UN reports human rights violations by both sides in Syria

The United Nations commission investigating human rights violations in Syria has issued its latest report. It concluded that forces on both sides of the conflict have committed attrocities.

The UN Human Rights Council issued an updated version of the findings from the independent international commission of inquiry on Syria on Tuesday. The report listed a number of human right violations committed by both the rebels who oppose Syrian President Bashar al-Assad and the regime forces who are loyal to him.

"Government and pro-government forces have continued to conduct widespread attacks on the civilian population, committing murder, torture, rape and enforced disappearance as crimes against humanity," the report read. "They have laid siege to neighborhoods and subjected them to indiscriminate shelling."

According to the report, the anti-government Syrian rebels "have committed war crimes, including murder, execution without due process, torture, hostage-taking and attacking protected objects." The rebels, along with armed Kurdish groups, have also recruited and used child soldiers in hostilities, the report said.

The commission also said the Syrian regime was responsible for eight massacres since the beginning of the year, while the rebels were responsible for one.

Chemical weapons report soon

The report reflected the findings of investigations from May 15 to July 15 of this year. It does not include any findings about the alleged use of chemical weapons that occurred in August. A report from UN inspectors on that incident is expected soon.

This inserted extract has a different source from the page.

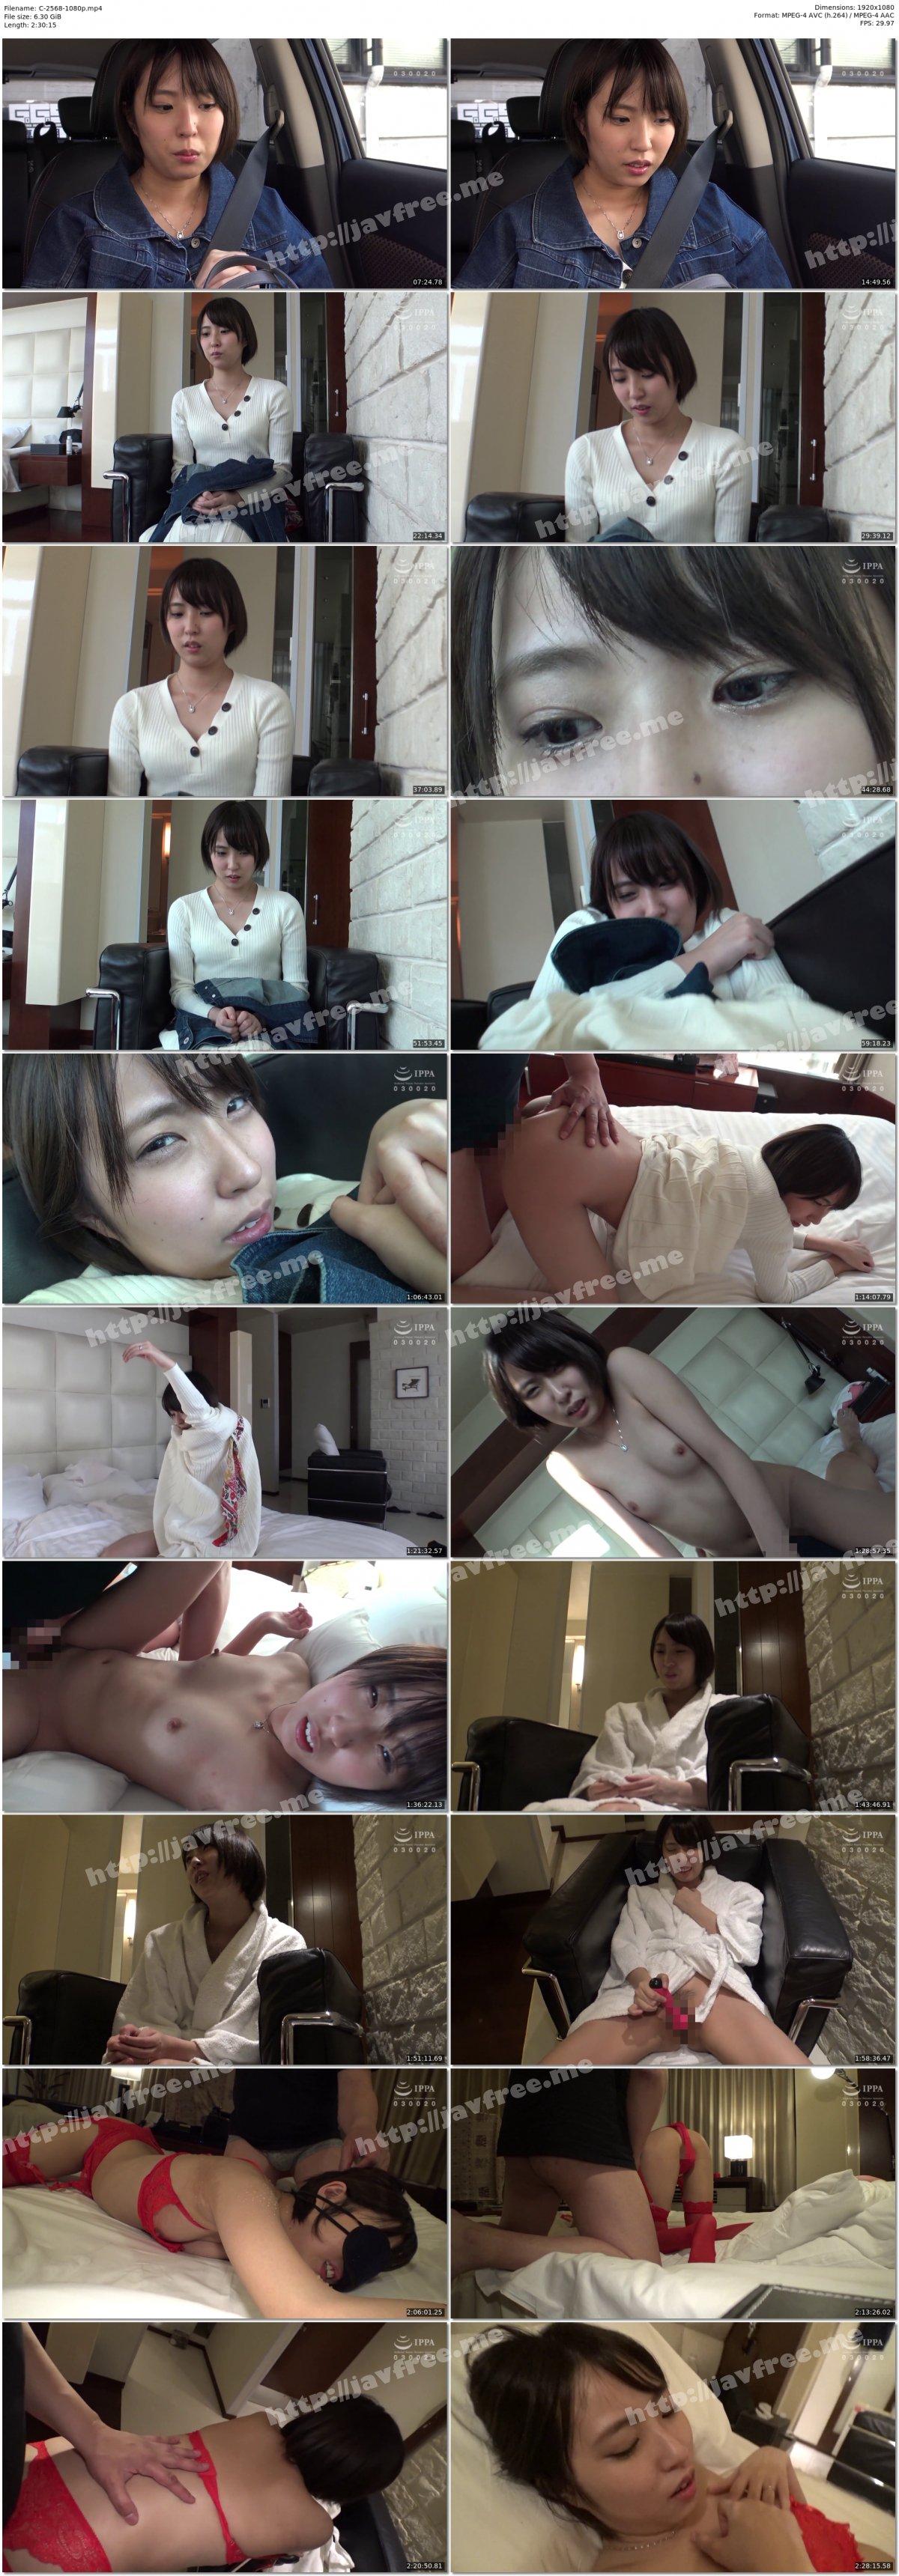 [HD][C-2568] うちの妻・E美(25歳)を寝取ってください88 - image C-2568-1080p on https://javfree.me

The United States and France are among those in the international community who are most convinced that Assad used chemical weapons in an attack on civilians on August 21.

"France will remain, in permanent contact with its partners, mobilized to punish the use of chemical weapons by the Syrian regime and to deter them from using them again," said French President Francois Hollande in a statement on Wednesday after meeting with military officials in Paris.

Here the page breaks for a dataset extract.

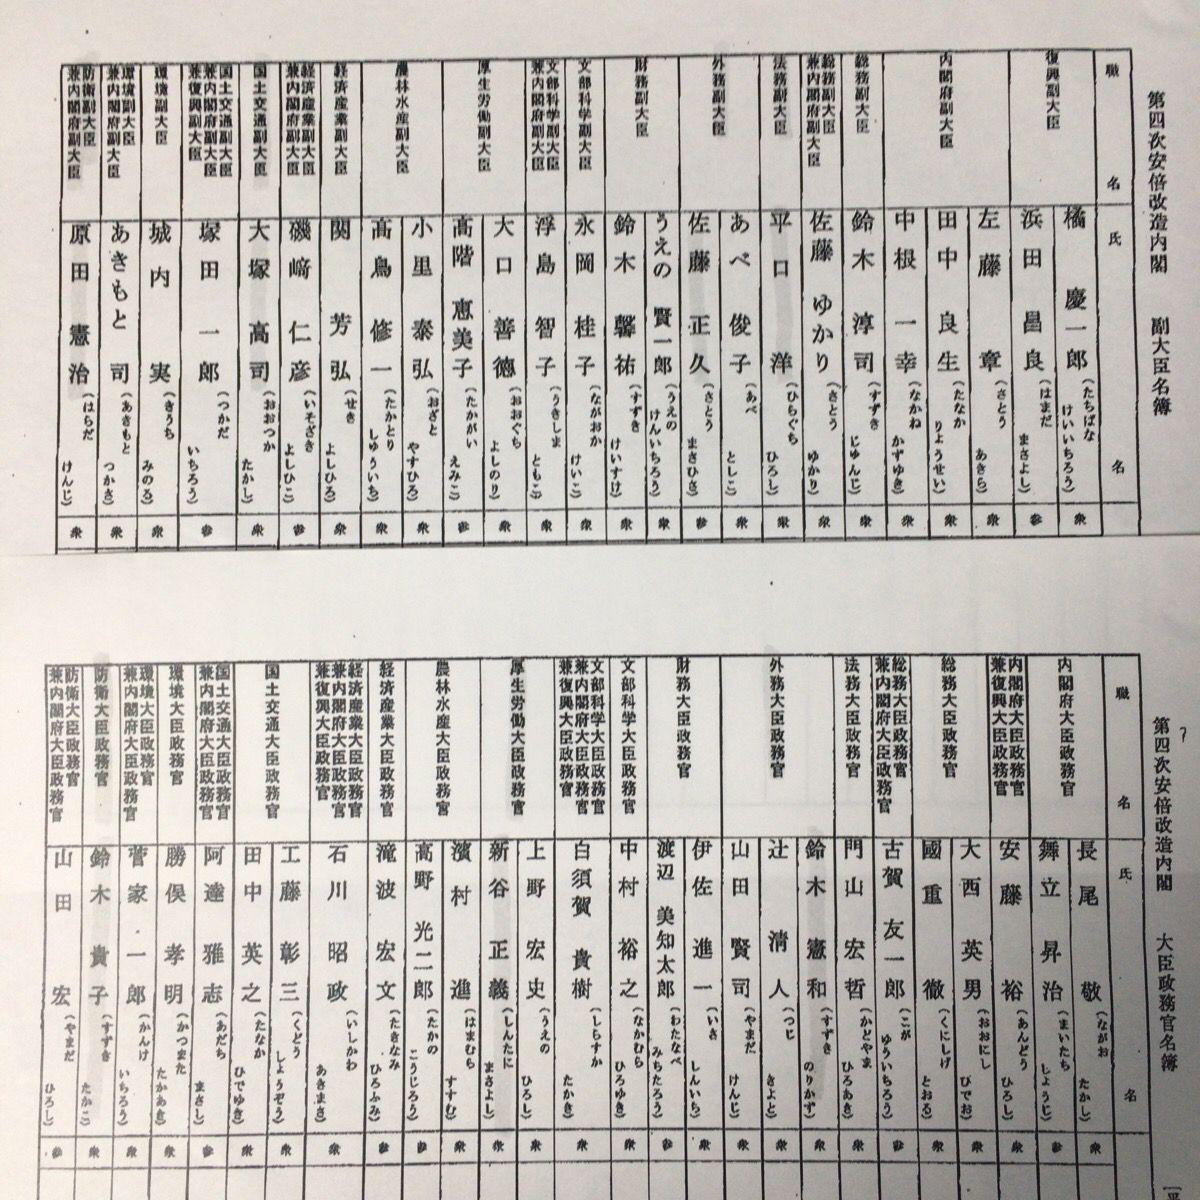 A5E0C90B-9978-49F2-AD02-D230D168559C

"If we all fail to act, the Assad regime will see no reason to stop using chemical weapons," said US President Barack Obama during a televised address on Tuesday in Washington.

Room for a political solution

However, both Hollande and Obama have said they are open to a Russian proposal to push Syria to place its chemical weapons arsenal under international control in order to avert a US strike.

Obama's address on Syria

Obama has asked Congress to delay a planned vote on legislative approval for military action in Syria in order to give Russia's proposal a chance.

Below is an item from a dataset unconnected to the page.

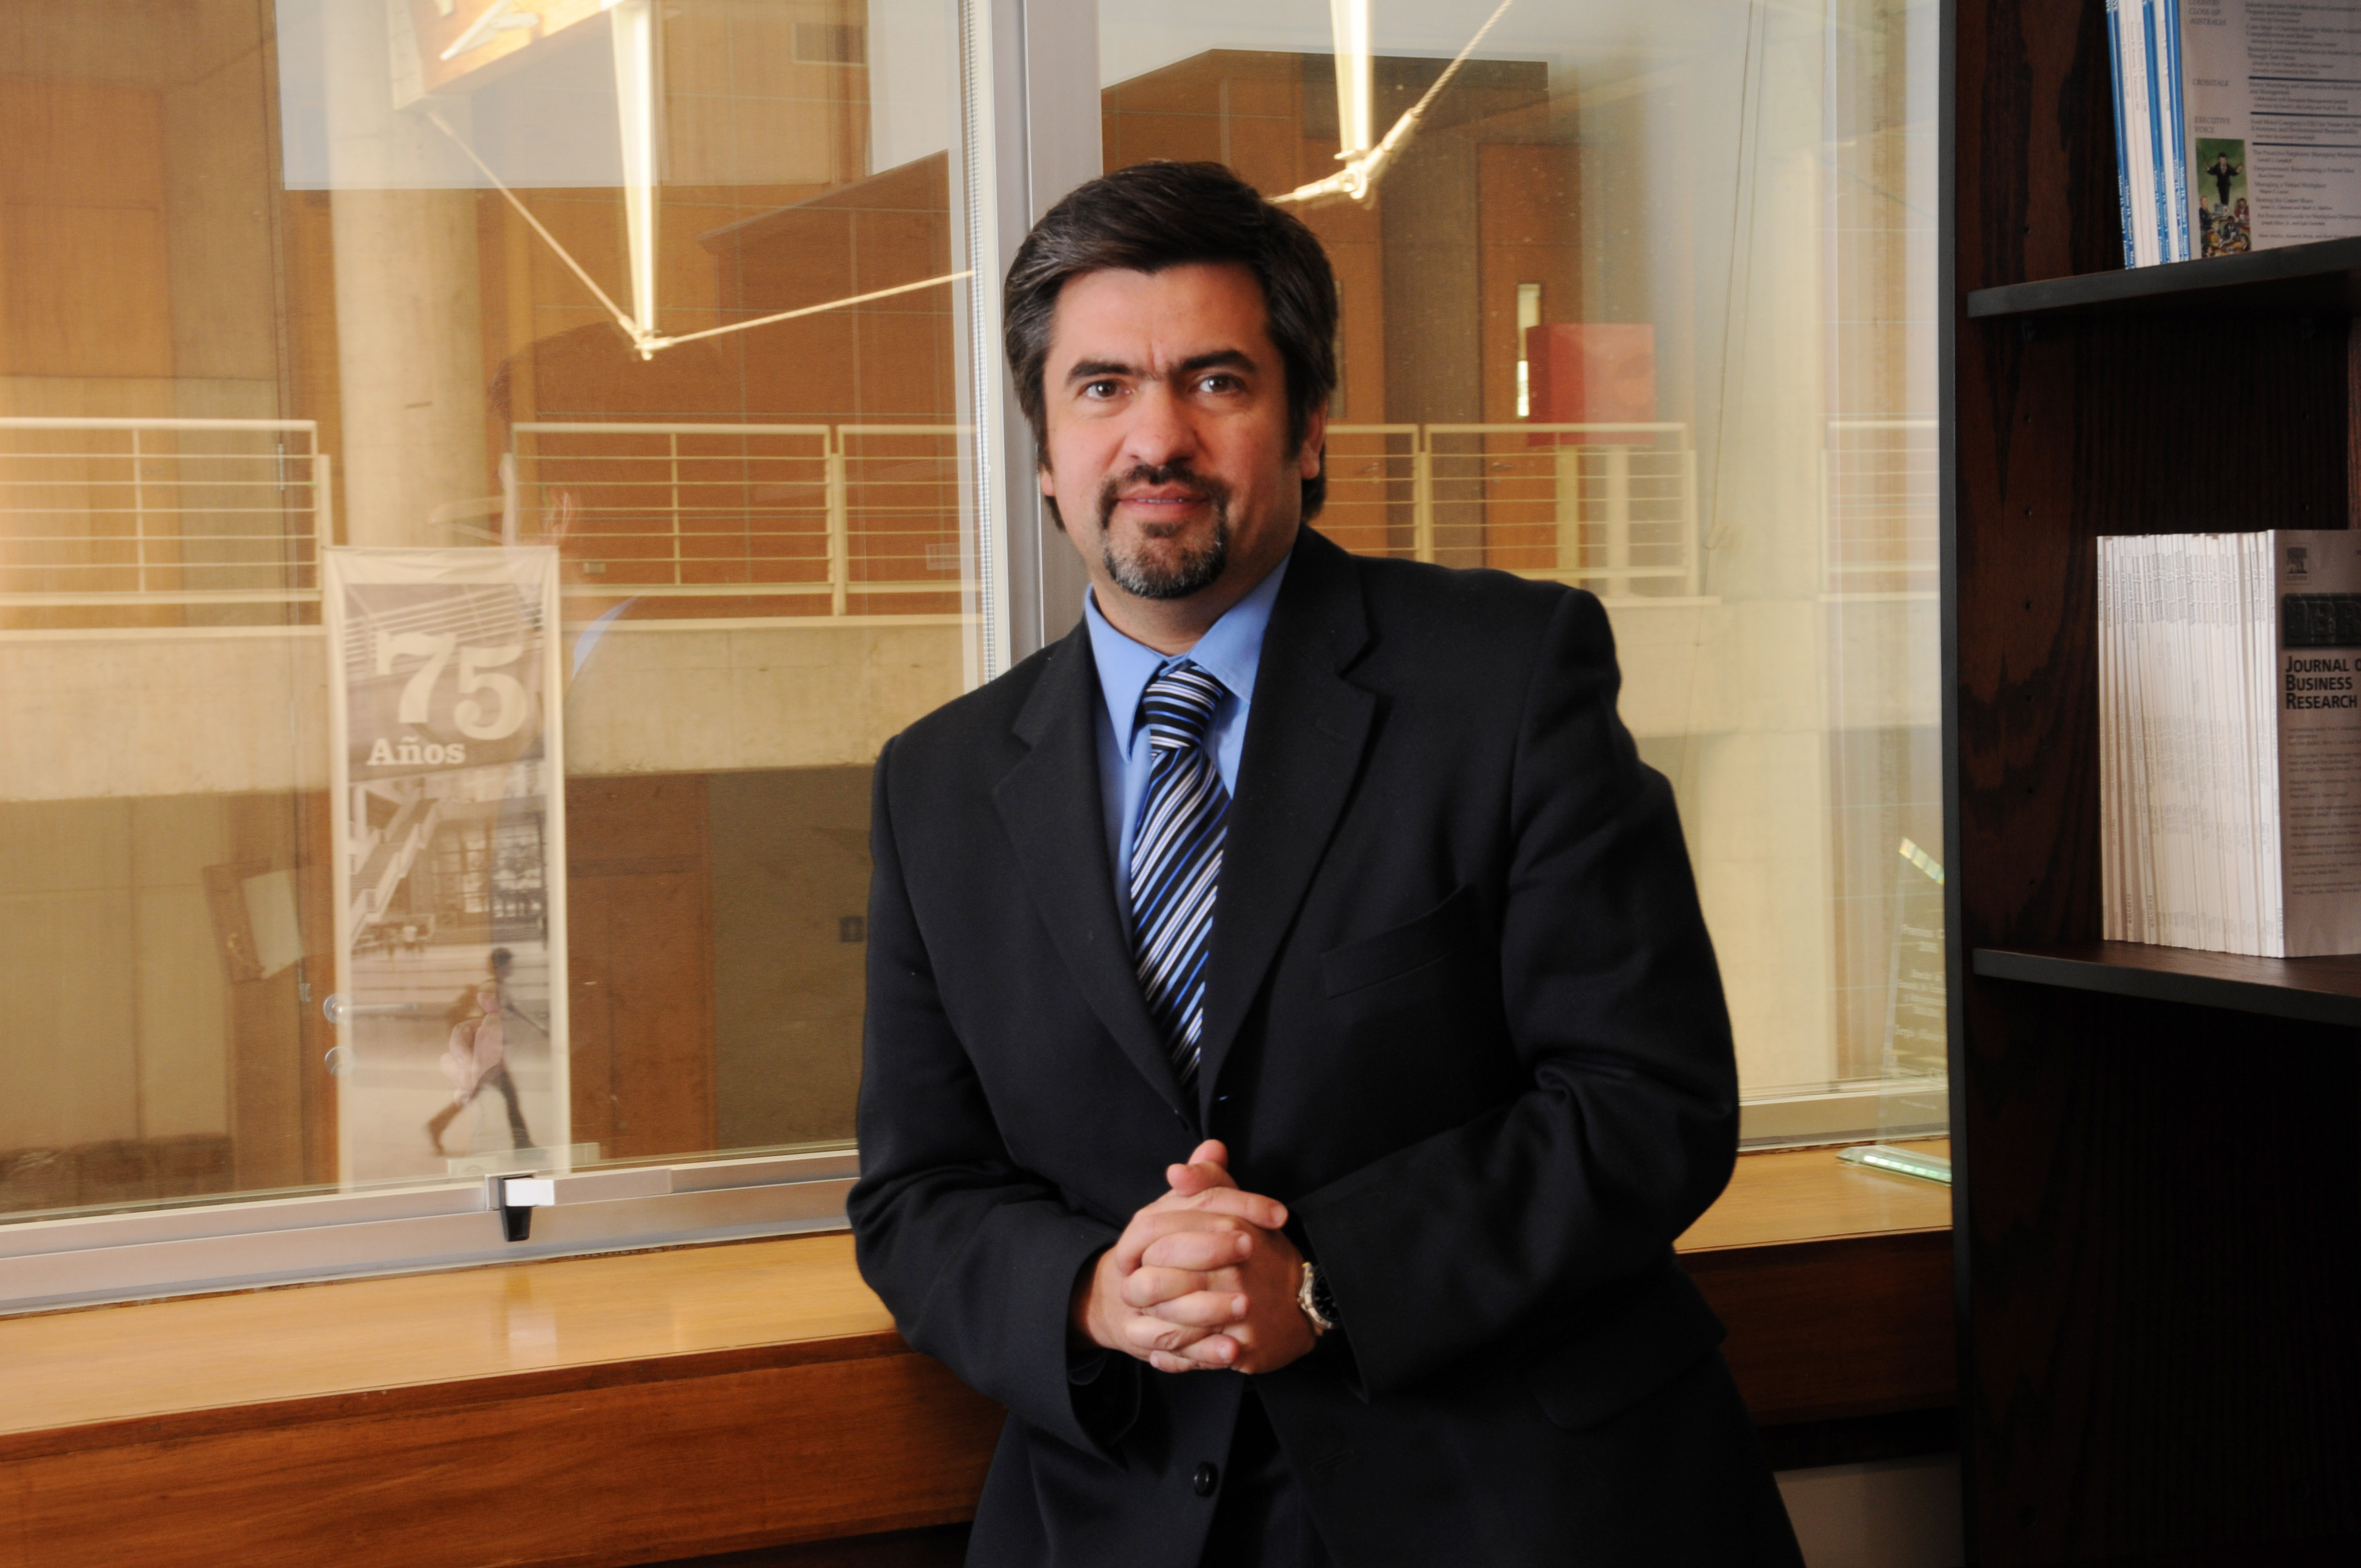 SergioOlavarrieta_Universidad de Chile_ QLU_ MBA_Maestrias Panama

Syria's acceptance of the plan triggered diplomatic wrangling at the UN Security Council over the wording of a resolution on the proposal.

An initial resolution, drafted by France, would demand that Syria make a complete declaration of its weapons program within 15 days and immediately open all related sites to UN inspectors or face "very severe consequences" for non-compliance. It would also lay the blame for the August 21 attacks at the feet of the Assad regime, one of several stipulations deemed "unacceptable" by Russia, a Syrian ally.

The commission investigating the human rights violations in Syria said in its report Wednesday "there is no military solution to this conflict" and called for a political solution to be pursued by the international community.